Create a streaming AI assistant with ChatGPT, FastAPI, WebSockets and React ✨🤖🚀
Deon Pillsbury
Posted on November 12, 2023
A Generative Pre-Trained Transformer (GPT) is a type of Large Language Model (LLM) and they are the hot topic in the technology world this year with many companies scrambling to add this technology to their products. Creating and training these large models can be a very complex, time consuming and expensive.

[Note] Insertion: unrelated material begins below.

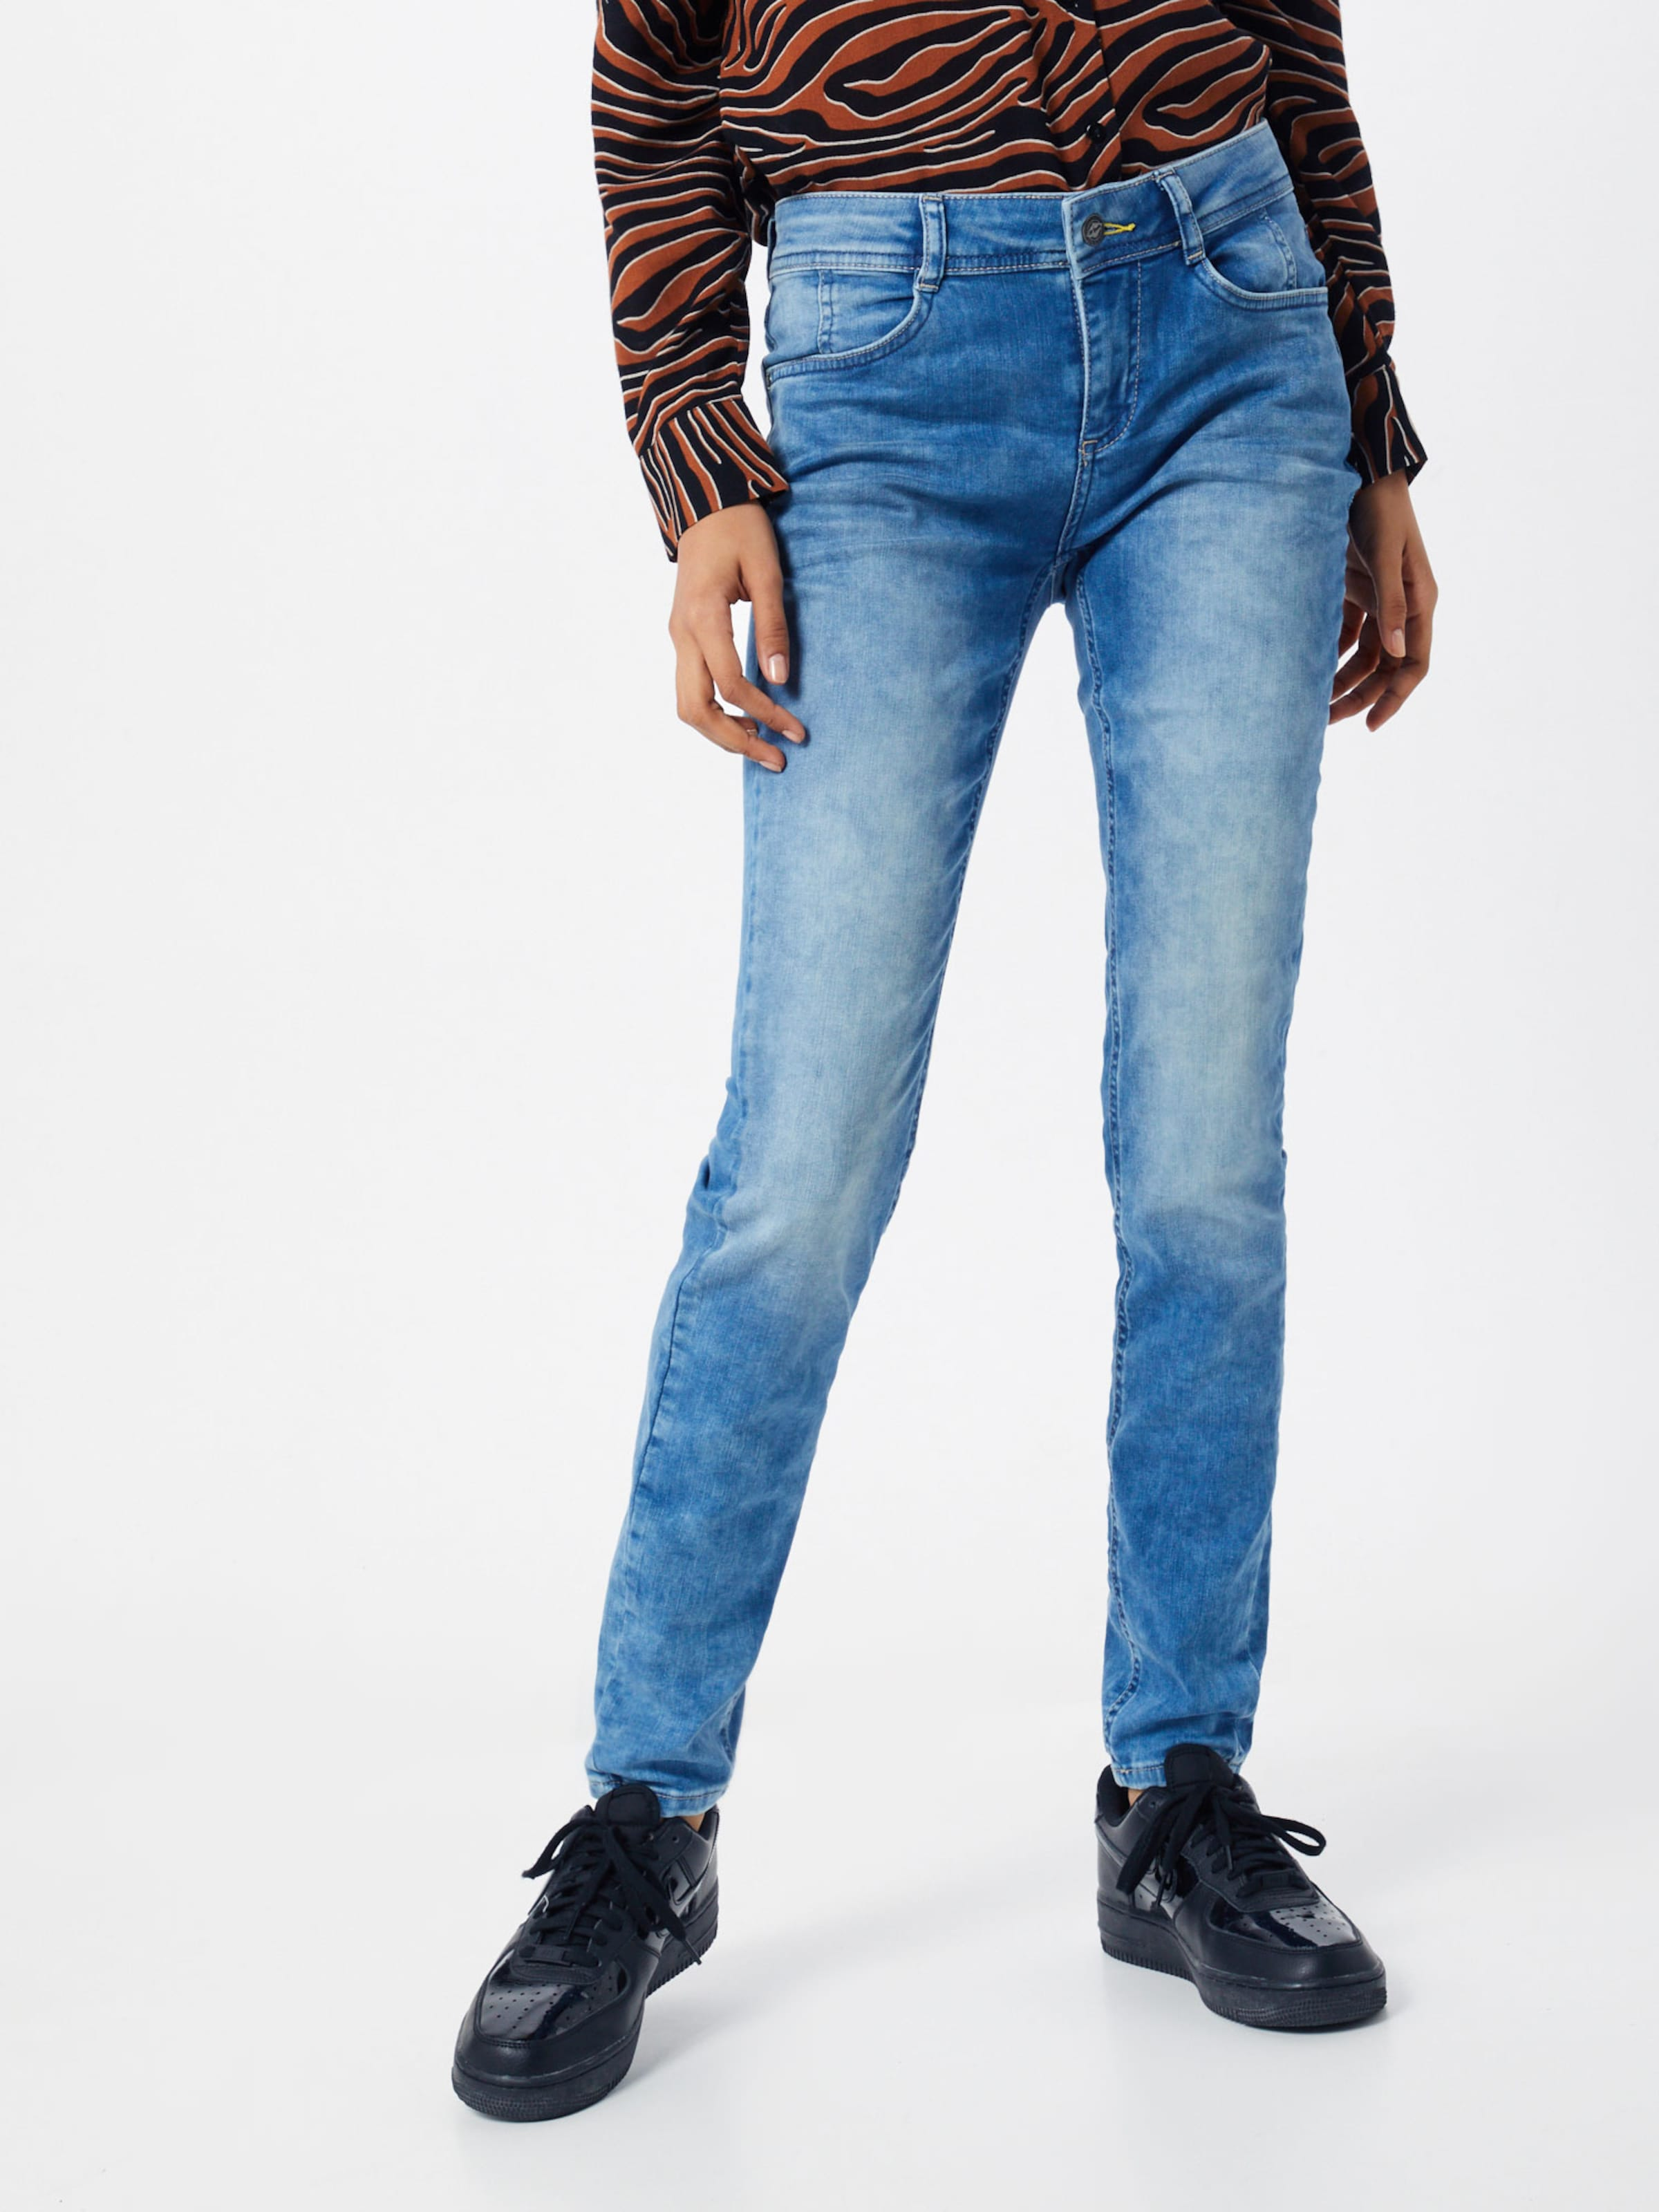 Blue Jeans Street In Denim One 'yorkSlimfit' FKcTJl31

You may think that you cannot use this technology since it is so complex and expensive but companies like OpenAI have done a ton of work to create useful models and setup platforms exposing APIs to use them. If you have ever used an API where you send some data in, it does some magic behind the scenes and you get some data to use in a response, then you can integrate this cutting edge technology into your application. Let’s take a look at how we can setup a Full stack web app which lets us ask questions sent to OpenAI and stream the response.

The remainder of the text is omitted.